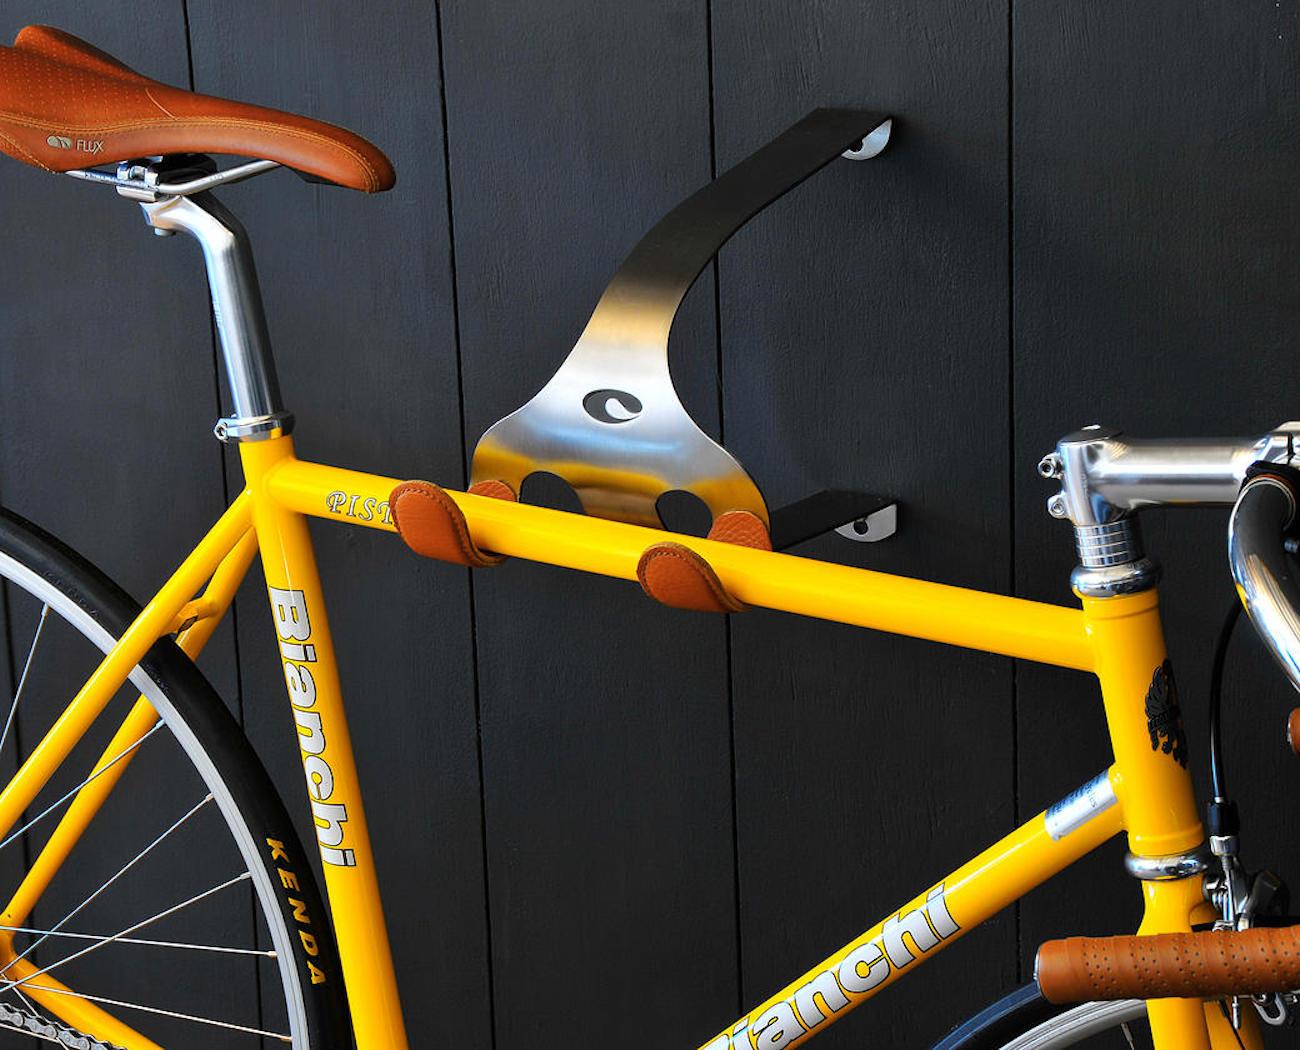 cactus-tongue-ssl-wall-mounted-bike-hanger-01
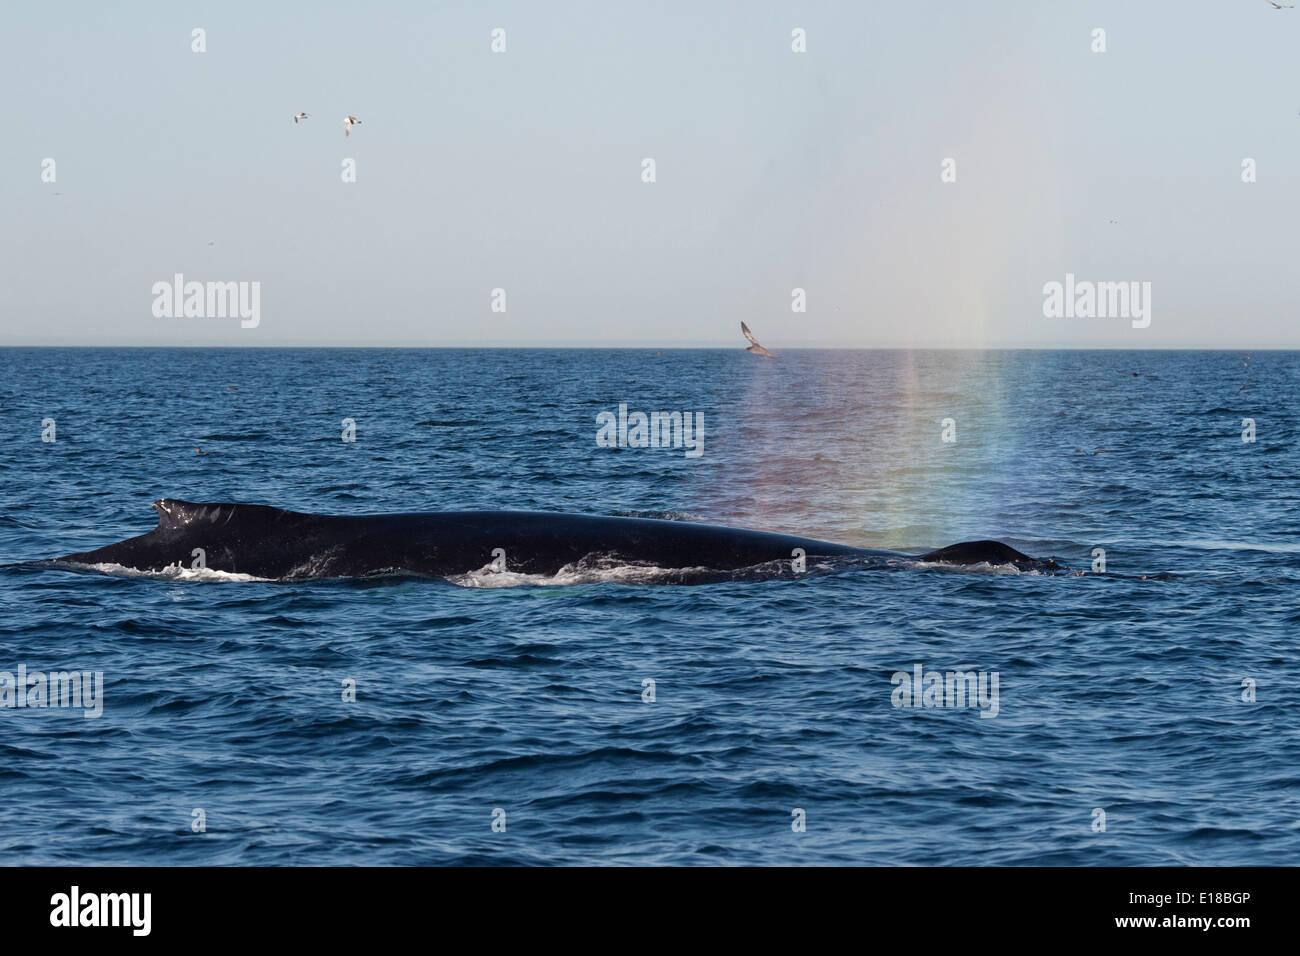 Humpback Whale (Megaptera novaeangliae) rain-blow. Monterey, California, Pacific Ocean. - Stock Image
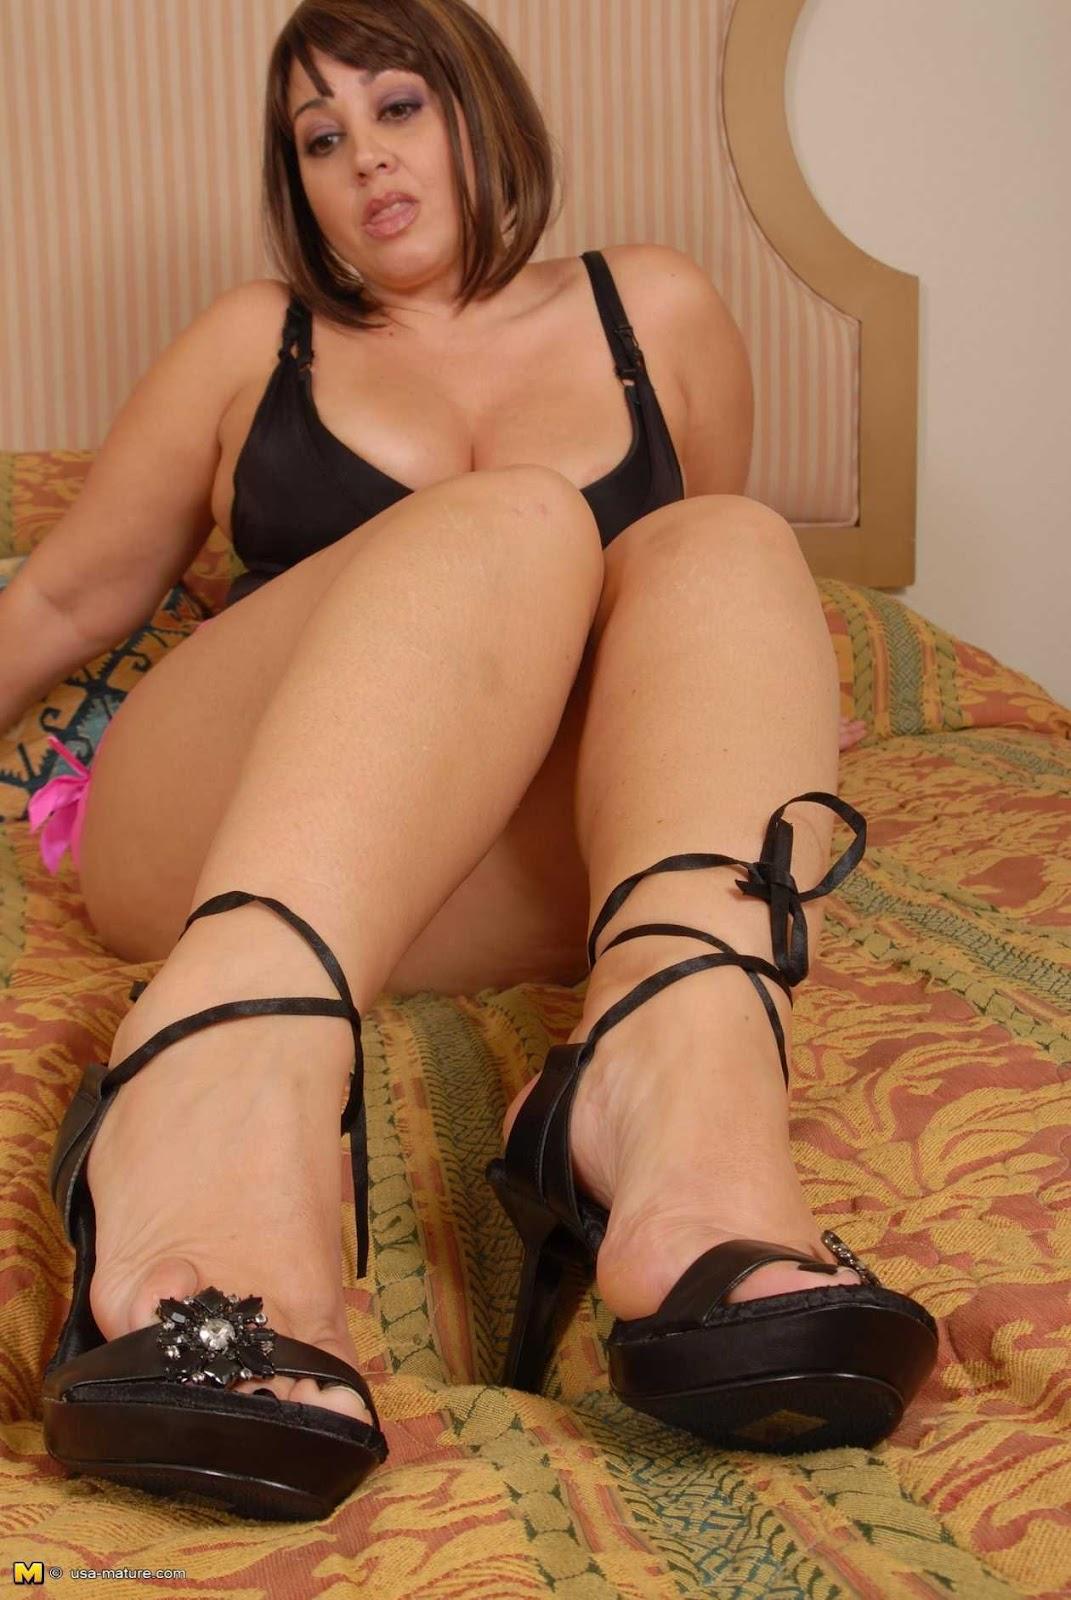 chubby girls feet
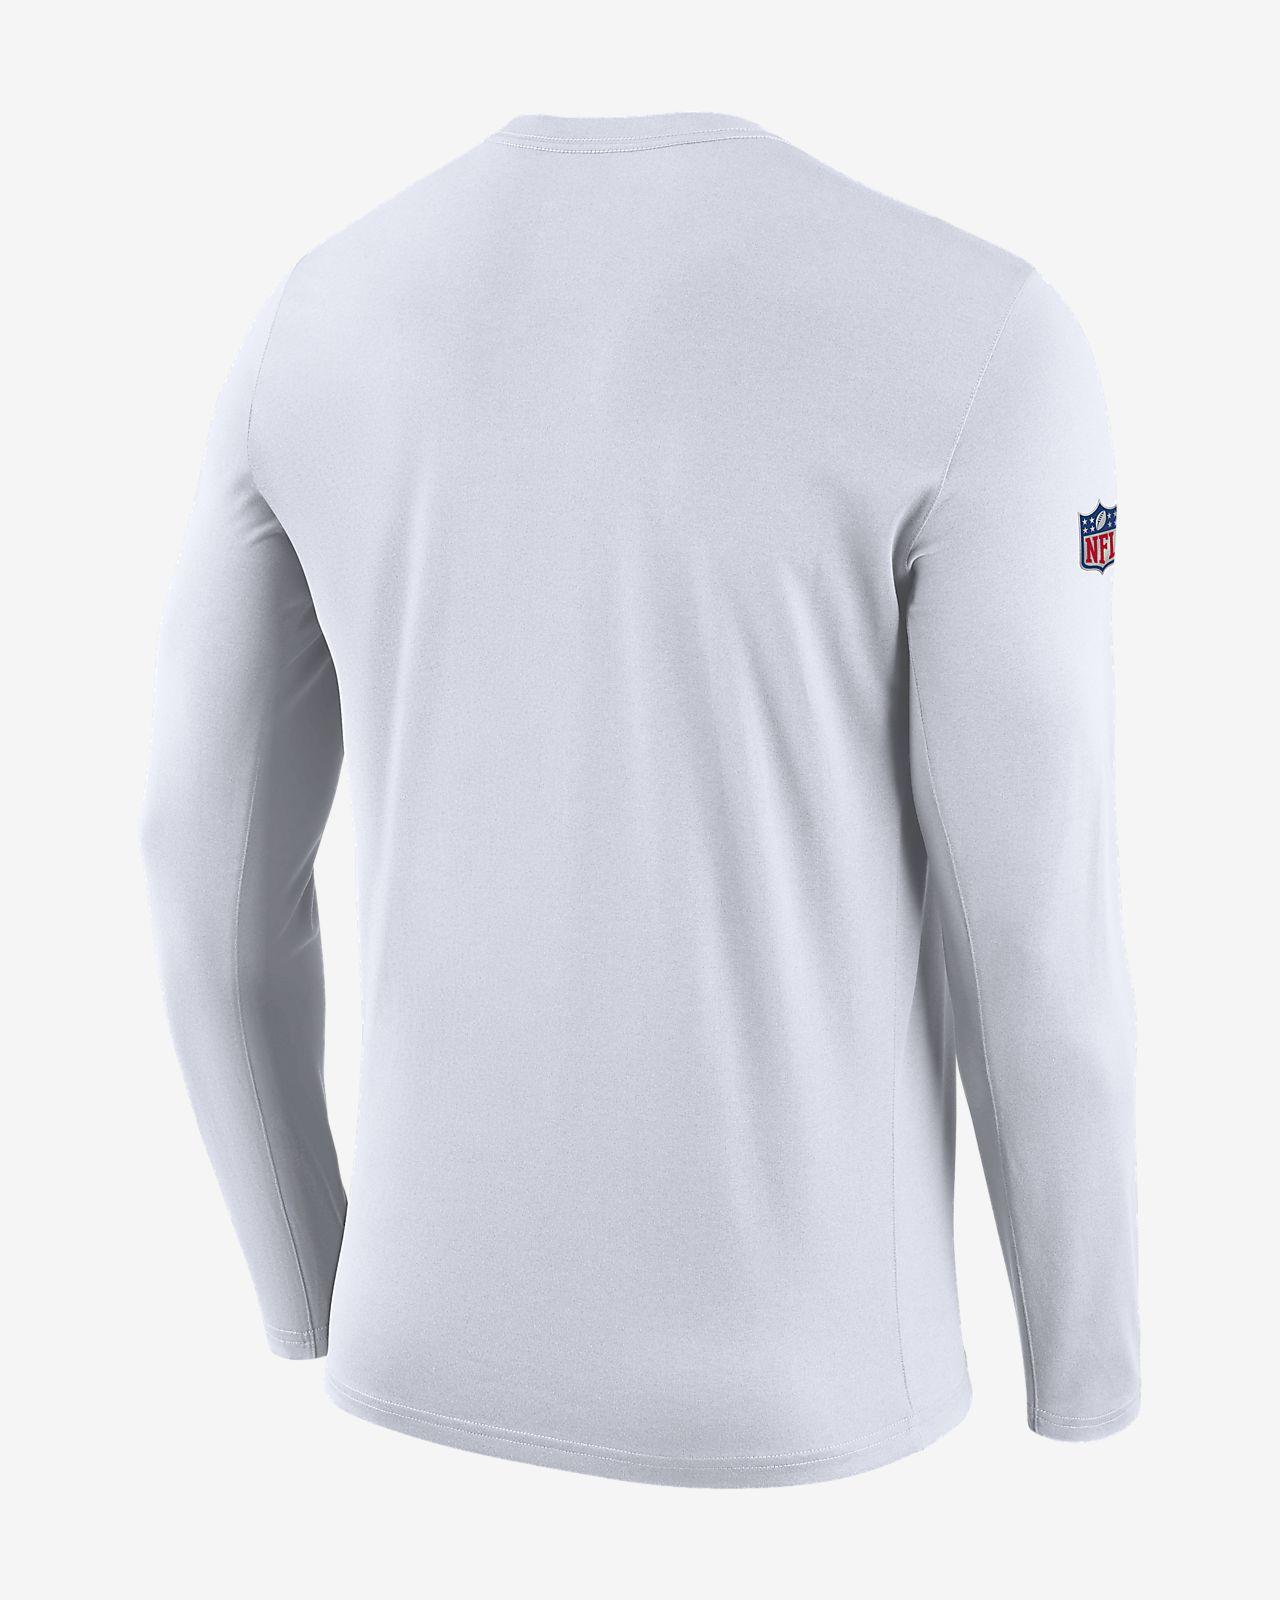 3fd8d7c0 Nike Legend (NFL Steelers) Men's Long-Sleeve T-Shirt

## ASSIGNMENT
Leave out the images and copy all remaining data word for word.

## RESULT OF THIS EXERCISE
 cactus-tongue-ssl-wall-mounted-bike-hanger-01
 Humpback Whale (Megaptera novaeangliae) rain-blow. Monterey, California, Pacific Ocean. - Stock Image
 chubby girls feet
 3fd8d7c0 Nike Legend (NFL Steelers) Men's Long-Sleeve T-Shirt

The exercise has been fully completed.